Leadership Jobs Are Opening. How Do We Create Career Pathways?

By Chanse Sonsalla
March 24, 2026

Chanse Sonsalla headshotApplied Research Manager Chanse Sonsalla led our Annual Snapshot survey of the state and regional community development associations in our our membership. This year’s survey focused on leadership transitions, succession planning, and the development of future leaders. In this piece, she reflects on the survey findings alongside insights from our ongoing research on leadership development and career pathways in the community development field.


Leadership transitions are happening across the Community Opportunity Alliance network. One-third of executive directors at associations in our membership were appointed within the past three years. In 2025, also saw more staff turnover than in prior years: the number of associations reporting full-time staff departures doubled between 2023 and 2025 (from three to six), even as the number adding full-time staff remained relatively steady (10 to 11).

Leadership roles are opening across the field.

Early in my career in community development, the wave of leadership transitions felt promising. Advancement can be difficult in this field, and openings at the top suggested possibility. But my optimism faded as I tried to position myself for a future leadership role. According to our Annual Snapshot research, career progression is rarely an explicit conversation. When senior positions do open, the focus often turns outward — prioritizing external candidates rather than cultivating leaders from within their own staff.

As our members navigate staffing challenges, their focus is often on operational continuity. Current leaders reported that the most challenging aspects of leadership transition center on maintaining funder relationships, preserving professional contacts, identifying suitable successors, and ensuring readiness of the next leader. 

In 2025, only five member associations reported having a written succession plan for their executive director or senior staff. When polled on their general hiring practices, none reported an explicit preference for promoting from within. As a result, many associations appear to rely on informal or emergency planning when vacancies arise. Taken together, these patterns suggest that talent development often begins when a vacancy occurs rather than years earlier through deliberate preparation.

The path to leadership is unclear.

Today’s leadership is approaching hiring for senior positions through the lens of organizational need. Emerging professionals see those positions as future destinations. From an entry-level position, the end goal is visible: executive leadership, senior expertise, or department leadership. The path to get there is not always clear. 

Career development requires foresight, feedback, stretch opportunities, and explicit preparation. Some associations are modeling how those mechanisms can take root in everyday practice. At Homebase Cincinnati, the executive director makes it a point to include emerging professionals of color in high-level conversations so they can observe how leaders navigate relationships, strategy, and decision-making. Even when practices like this are informal, they remain a powerful form of career development and an important first step toward embedding leadership development into organizational culture and operations.

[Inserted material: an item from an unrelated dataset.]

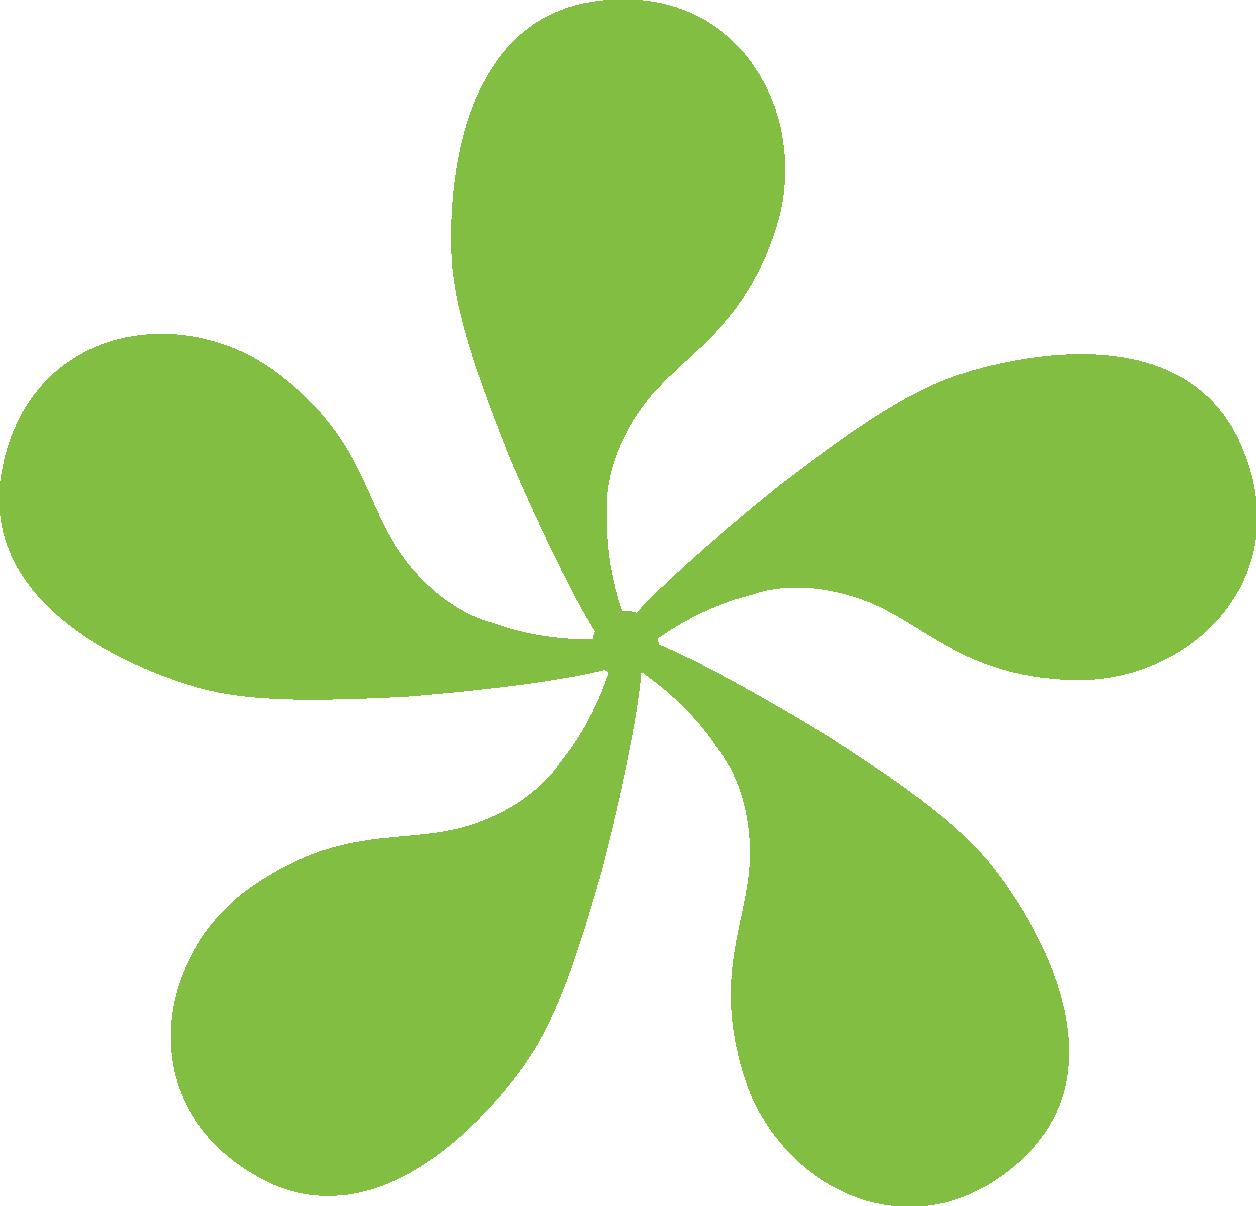 integrasoft Pinwheel icon

Of course, professional development support is a common presence in any compensation package. In practice, however, the onus for career development is usually placed on the individual. As a result, associations’ career development investments often do not align with their long-term leadership or workforce needs.

Training alone does not build leaders.

The majority of professional development provided by associations is external. Online training, conferences, and peer networks expand industry knowledge for staff, but are often elective and rarely connected to organizational needs and knowledge. What our members really need, if they want to retain their emerging professionals, are internal or embedded development opportunities that tie career advancement directly to organizational needs. But fewer than a third of participating associations reported offering shadowing, mentoring, or job-rotation programs.

Other significant barriers to preparing existing staff for advancement are structural — lack of time for additional training, insufficient budget for professional growth, and limited mid-level leadership roles available in the coming years. When advancement depends on individual persistence layered onto full workloads, factors like caregiving responsibilities, financial stability, and burnout tolerance shape who is able to persist. For professional development to be an equitable part of the organizational culture, it needs to be embedded in organizational systems.

Succession planning cannot only answer, “Who replaces a senior staff member?” It must also answer, “How do today’s staff become tomorrow’s leaders?”

Prepare today's staff to lead tomorrow.

Addressing this gap requires aligning succession planning with real career pathways. Drawing on lessons from sectors with more established leadership pipelines, several strategies stand out:

  • Map internal career progression from entry-level to executive roles.

  • Define readiness criteria and core competencies for each step in the progression.

  • Create transparent advancement benchmarks and promotion processes.

  • Integrate embedded development (shadowing, stretch roles, interim leadership position) into organizational culture.

These shifts also require tangible investment. As an emerging professional in this field, I regularly speak with peers navigating similar career paths. When we talk about what would make it possible to stay, grow, and step into leadership roles, the same needs consistently surface:

  • Protect staff time for professional development.

  • Budget allocations for internal talent cultivation.

  • Align compensation with expanded responsibility and leadership scope.

  • Formalize mentorship structures with clear expectations and outcomes.

The 2025 Annual Snapshot sends a clear signal: leadership transition is underway. The question is not whether change is coming, but whether systems are in place to ensure continuity of people — not just positions. 

This year, the Alliance will continue exploring these questions through research and peer learning across our network. If we expect the next generation to carry this field forward, we must build systems that make staying possible and leadership attainable.